Le 27 novembre, les 28 pays de l'Union européenne se sont prononcés pour un renouvellement de cinq ans du glyphosate, dont l'autorisation s'arrêtait le 15 décembre. Le soir même, Emmanuel Macron affichait sur Twitter sa volonté d'interdire la molécule d'ici trois ans. « J'ai demandé au gouvernement de prendre les dispositions nécessaires pour que l'utilisation du glyphosate soit interdite en France dès que des alternatives auront été trouvées, et au plus tard dans trois ans ». Et c'est bien là que le bât blesse. Car aujourd'hui, peu de solutions de remplacement existent dans un périmètre techno-économique équivalent. Il reste bien quelques herbicides de contact mais aucun ne migre vers les racines comme le glyphosate. Osmobio, fabricant de produits naturels en Bretagne, se vante d'avoir trouvé une alternative au glyphosate, mais l'Anses précise que cette société n'a pas encore obtenu d'AMM.


Sans glyphosate, +70 € de coût par hectare cultivé

Autres solutions : le labour, le travail du sol à l'interculture, l'allongement des rotations… Oui bien sûr. Mais ces options ne sont pas toujours aussi efficaces et surtout, remettent en cause des modes de production, notamment pour ceux qui ont, précisément, fait le choix du non labour. « Utilisé en intercultures, le glyphosate est devenu un allié de l’agriculture de conservation, compte tenu de la suppression du labour, explique Pierre Goulard, responsable de l'équipe agronomie-environnement de la chambre d'agriculture d'Occitanie. L’annonce de sa suppression pose de vraies interrogations techniques car nous n’avons pas les clefs pour y répondre ».
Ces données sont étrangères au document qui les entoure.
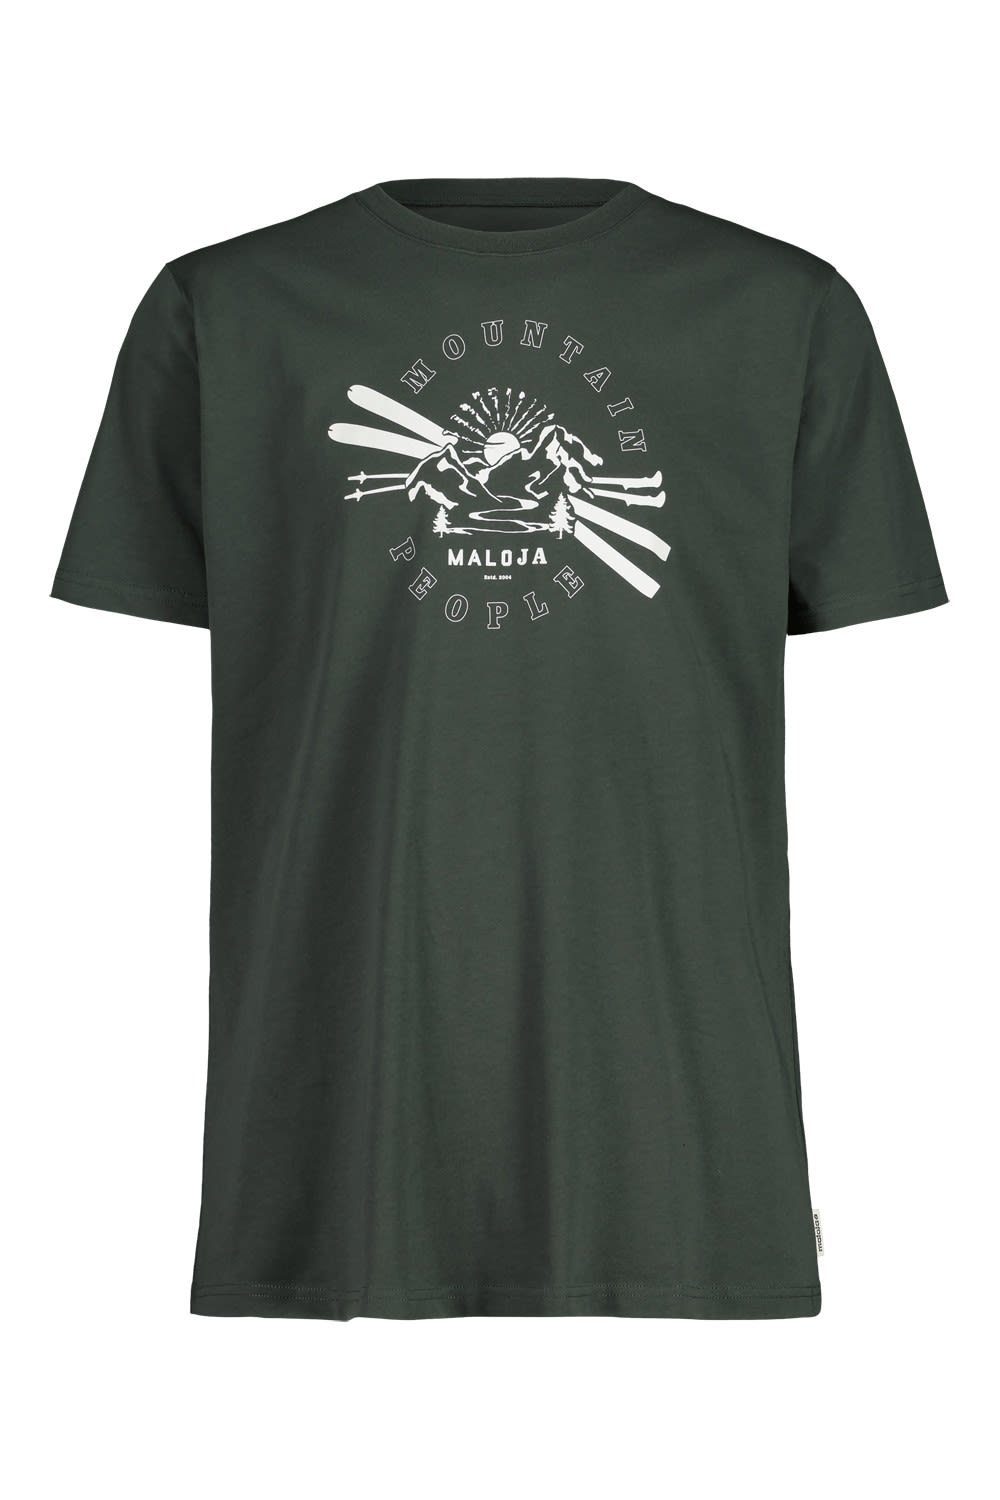 Maloja T-Shirt Maloja M Patteriolm. T-shirt Herren Kurzarm-Shirt Green
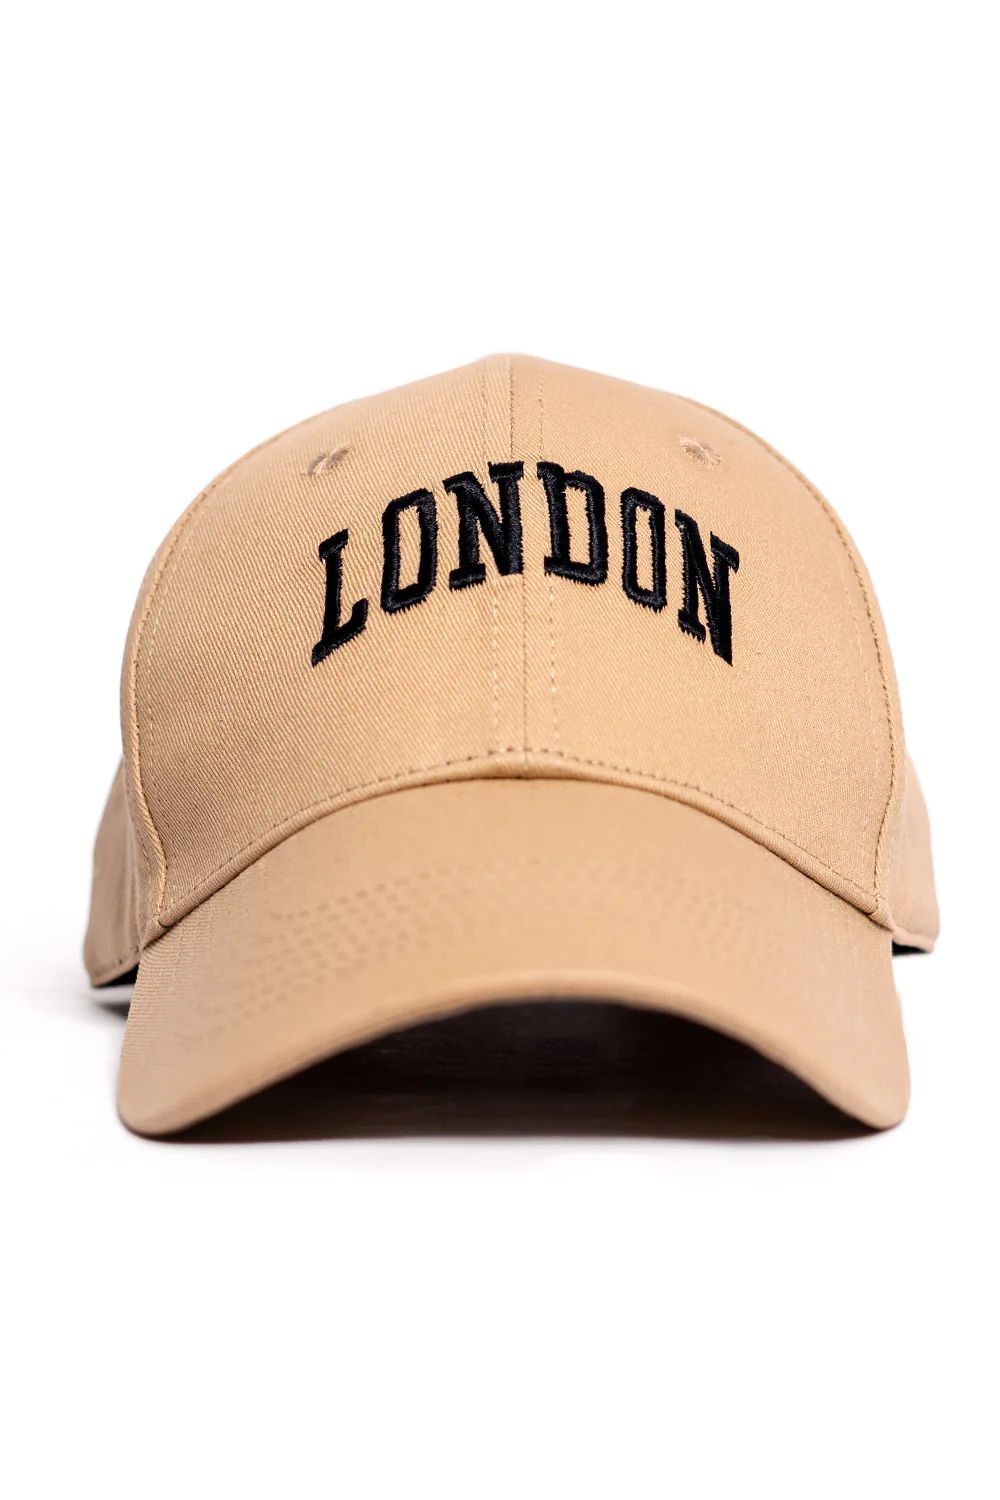 BALL CAP - London | Los Angeles Trading Co

Arvalis estime à 70 € le coût supplémentaire par hectare en grandes cultures cultivées sans cette molécule. Soit une enveloppe de un milliard d'euros par an pour l'agriculture française. Un chiffre qui englobe le besoin supplémentaire en matériel, en main d'œuvre, en fioul, en désherbage sélectif, voire une perte de rendement pour certaines cultures.

Les deux ministres de l'Agriculture et de l'Environnement, ont sollicité les instituts techniques pour trouver de nouvelles solutions. Mais comme l'explique Christiane Lambert, présidente de la FNSEA, « le P.d.-g. de l'Inra m'a assuré qu'il était impossible de commercialiser une alternative efficace dans les cinq ans. » Même son de cloche du côté de la chambre d'agriculture d'Occitanie. « Il faudrait environ sept ans pour assurer une bonne transition des systèmes de production », explique Pierre Goulard, responsable de l'équipe agronomie-environnement . Utilisé en intercultures, le glyphosate est devenu un allié de l'agriculture de conservation.


Et du côté des firmes ?

Mais alors, que font les firmes ? « Ce n'est pas faute d'avoir cherché, et dépensé des centaines de millions d'euros, mais les solutions que l'on a pu trouver sont nettement moins efficaces », confiait Franck Garnier, président de Bayer France, lors de l'inauguration de l'Innovation center Bayer à Lyon, le 17 novembre. Pour lui, plutôt que d'interdire, il prône « la montée en puissance des micro-applications, sur des bouts de parcelles, chirurgicales… » Il pense ainsi possible de réduire les doses actuelles d'un facteur 10 ou 20 ! En attendant, l'ensemble de la filière s'inquiète de la possible distorsion de concurrence qui pourrait se jouer à l'échelle européenne, si nos voisins avaient le droit d'utiliser cet herbicide plus longtemps que les agriculteurs français. Autre challenge pour les mois à venir, expliquer au grand public - logiquement inquiet pour sa santé - qu'il n'est pas si facile de se passer de cette molécule emblématique.